Ah too busy to continue arguing about this.... by all means continue to push the blame to others... Win a few darwin awards while you're there

Then in that 2 hours, he nonchalantly continued with his task when he could have 1) rush down to a bank 2) continue to hold the line 3) Force an account lock by entering a wrong password 3x

 

[harbinger255]

Everybody knows that calling a hotline can take very long unless you are a private bank client. The husband should have gone to the bank. But the money has already been transferred out of the account and it is probably too late to recover the fund.

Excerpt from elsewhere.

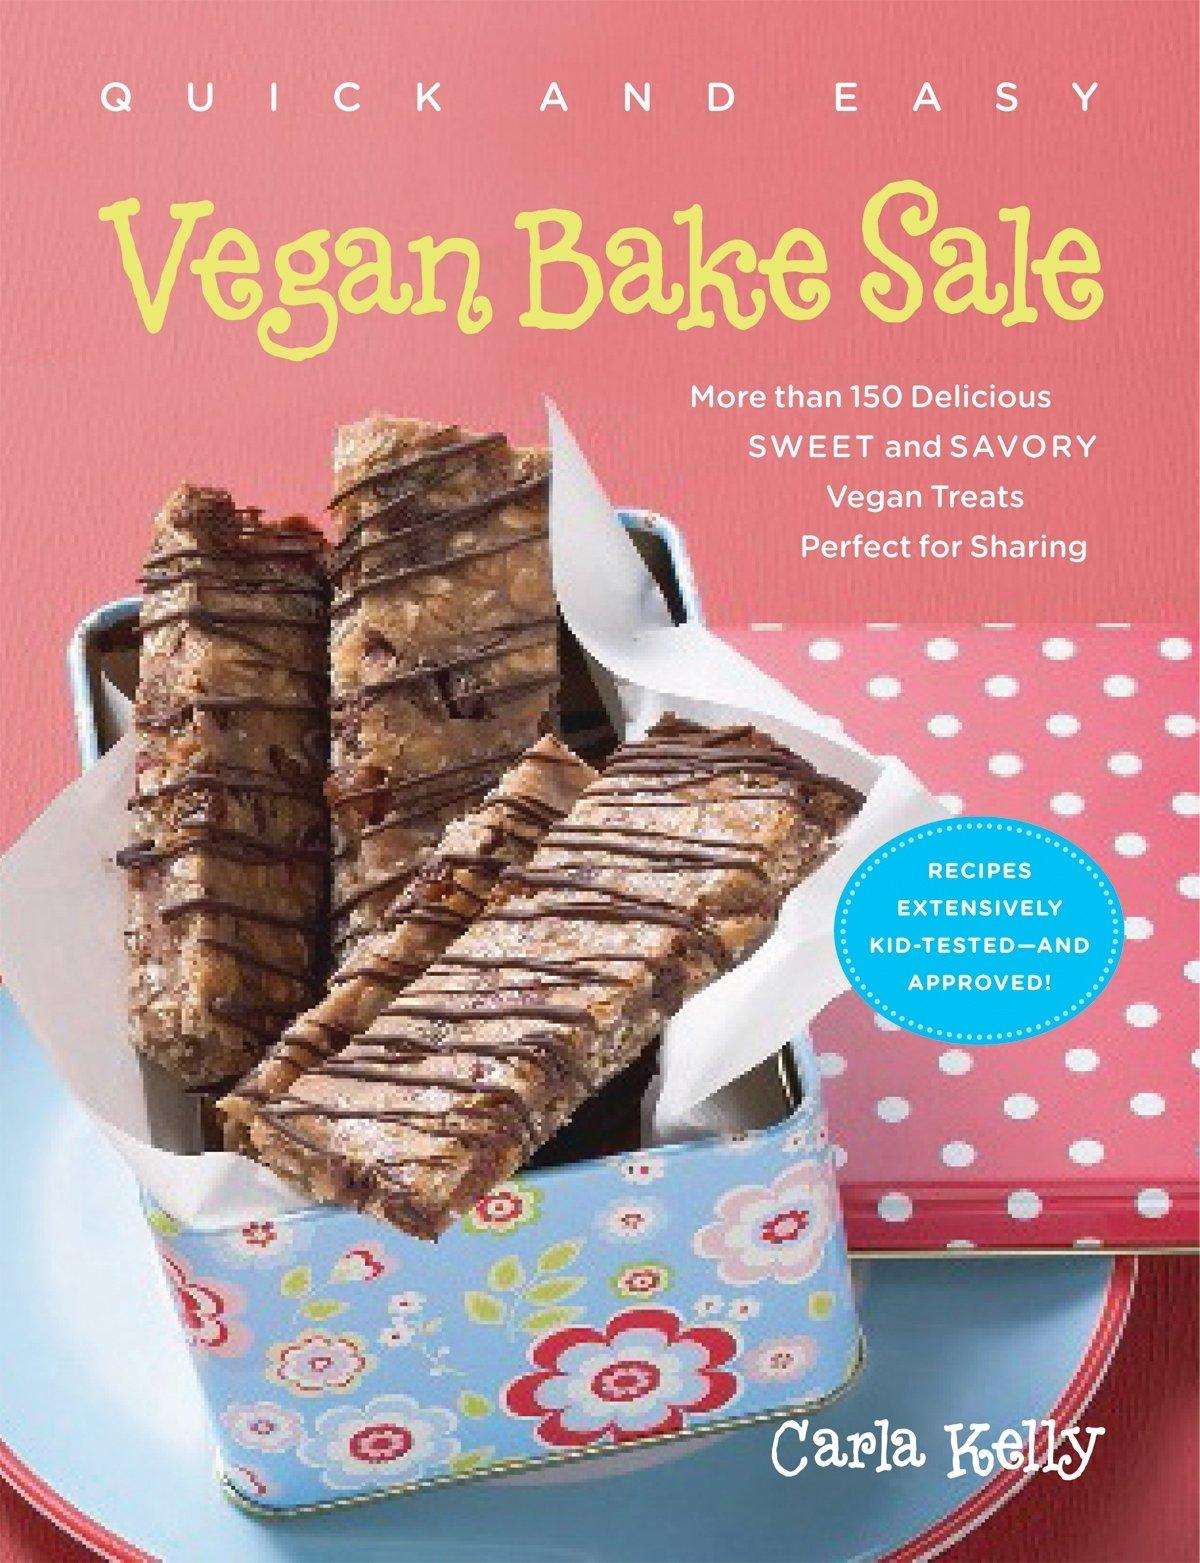 10 Wonderful Bake Sale Ideas For Kids quick easy vegan bake sale the experiment 2020

2 hours.... TWO HOURS..... after getting all that alarming notifications... I will be pissing my pants already in 30min thinking all my money is already gone

 

[fake_oranges]

or bi good

looks like sinkies are not so smart vs foreigners

 

[frigatex]

I think the SMS notification delay is an outlier. Normally, i get it within a short time, in the order of seconds. But having said that, once the victim realises he/she has been scammed, it is too late to recover the fund transferred.

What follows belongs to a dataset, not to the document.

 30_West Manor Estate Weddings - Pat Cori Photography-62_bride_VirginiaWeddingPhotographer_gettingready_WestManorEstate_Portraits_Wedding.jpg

If customer think that any transfer should be delayed for a few hours, then they can bank at a bank which can comply with this requirement.

Eg when i transfer money from a local Citibank account to a New York citibank account, there is a holding period of 30 minutes.

Yes I was saying in a previous post, most other SMS (for payments etc) come promptly. But the SMS for this specifically (changing limits) came late for two separate occasions. 10th Jan was delayed by 5 hours, today delayed by 3 hours.

 

[Zinna]

I just find it funny you can just raise the limit to the max, then immediately transfer out all the money in the account to a foreign bank account without getting flagged by the Bank as suspicious activity

 

[FT_FTW]

You are obviously not very smart or you are an IB. I would not want to say that you are probably lowly educated as some lowly educated can be quite smart.

A fraud has been committed and yes, it is likely the fault of the victim. Does that mean that the G or SPF don't need to investigate? So if you kill your wife because your wife cuckolds you, the SPF don't need to investigate because it was her fault?

It just shows how 'naive' you are to bring in the Government b@stardisation of the CPF scheme including CareShield, Medishield and CPF Life which are not relevant in this thread.

calling me not smart and my wife being unfaithful is not how u talk.

u can argue for all u want. No one is going to baby sit sinkies for their stupidity.

 

[JustKidding]

Smart nation indeed

 

[Level42]

Then in that 2 hours, he nonchalantly continued with his task when he could have 1) rush down to a bank 2) continue to hold the line 3) Force an account lock by entering a wrong password 3x

Brilliant idea! If the scammer change the password, should attempt multiple failed logins until the account is locked. Otherwise I prefer to take back control of the account.